今日も珍しいデッキの修理です。PIONEERのオートリバース3ヘッドカセットデッキCT-880です。
このモデルは最上級のCT-980の弟分にあたり、一部機能が省かれてはいるものの、メカと回路はまったく同一です。
今回修理を行ったのは、電源がONになるほかはまったく動作しない完全ジャンク品でしたが、メカはこれまで何度か修理を経験していますので、ベルト交換やグリスアップなどを行い、リバース動作も含めとりあえず再生できるまでに至りました。
ところが、アジマス調整も終えて録音しようとしたところ、RECボタンを押してもまったく反応はありません。バイアスを自動で調整する「AUTO BLE」は動作しますので、録音回路などの故障ではありません。
それでも何度かボタンを押していると、十数回に一度程度は反応することがわかりました。どうやらRECボタンの接触不良が原因のようです。せっかくパネルまで取り付けたのに手戻り発生です。

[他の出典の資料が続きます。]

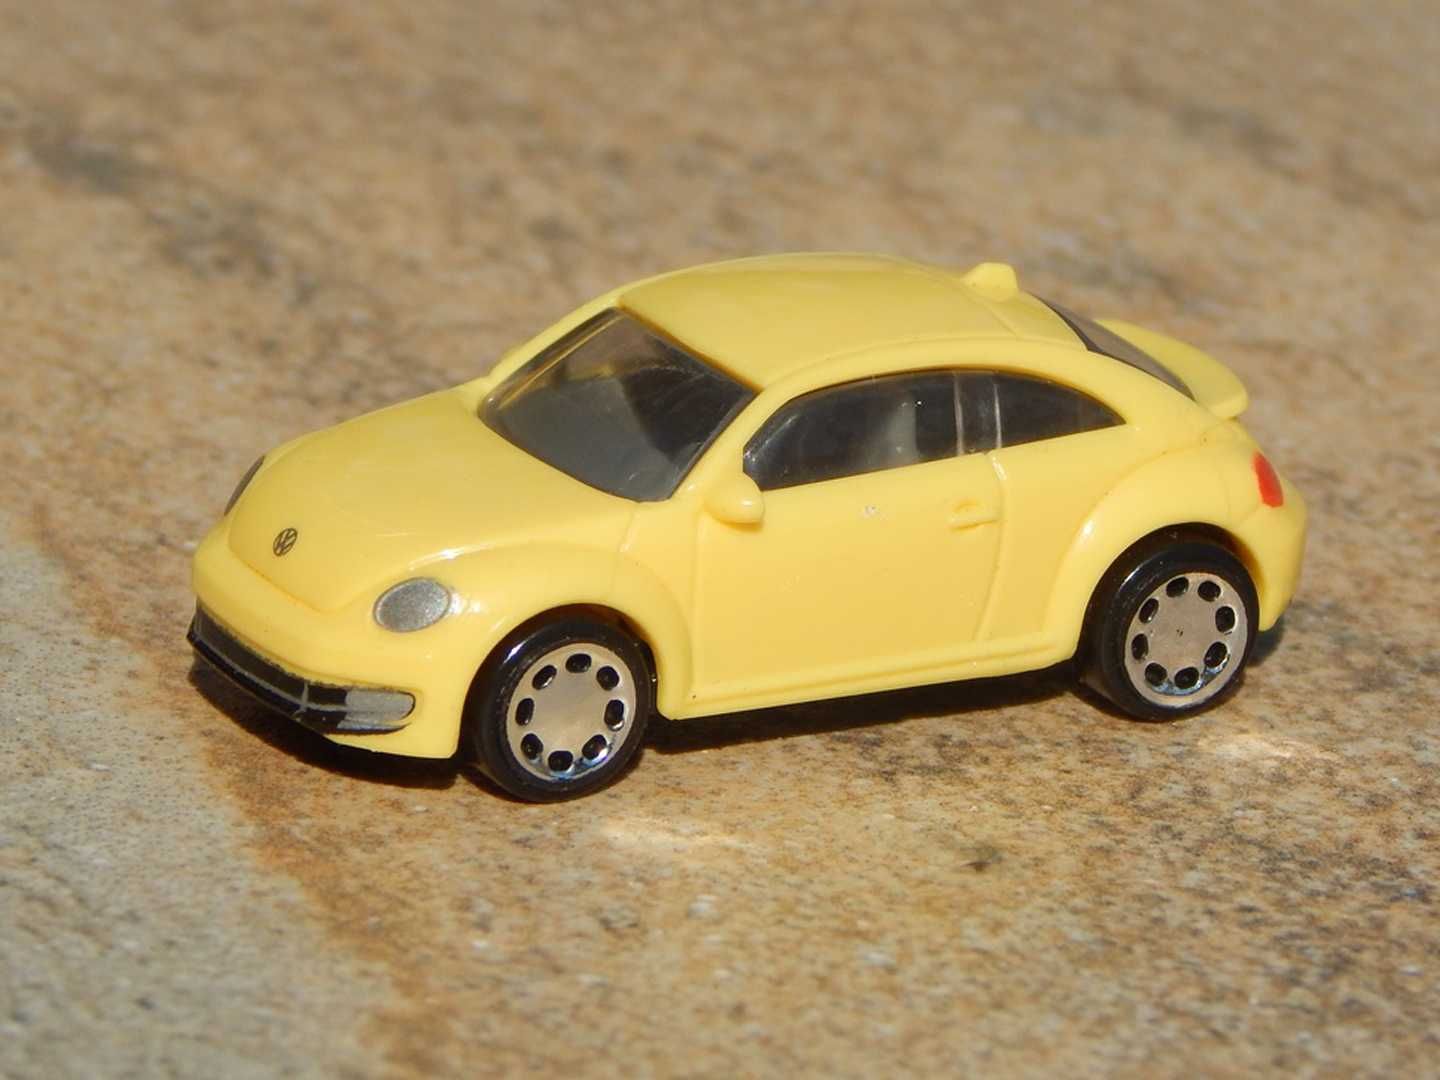 Macheta Volkswagen New Beetle 2015 Kinder sc 1:87 HO plastic

フロントパネルを再度取り外しました。この基板を外さなければSWの交換はできないようです。はじめはどうやって取り外すのかわかりませんでしたが、この白いコネクタでメイン基板と接続されていることがわかりました。
ビスを3本外し、内側から押し付けてやるとコネクタが外れました。
後は交換するだけです。以前修理不可となったCT-980からパーツを移植します。
治りました。
ここでCT-980との違いを比較してみます。まず、メーター(左がCT-880)のセグメント数が異なります。また、カウンターがアナログ方式になっていて、リールの回転をゴムベルトで伝達しカウンターを駆動しています。
外見はこんな感じです。もちろん左がCT-880です。
CT-980(右)は、使用するテープの録音可能時間をセットし、カウンターと連動する機能が搭載されています。
カウンターとメーターの表示が異なるのみで、音質はというと、「リボンセンダストヘッド+AUTO BLE」の威力で、やはり繊細な音質です。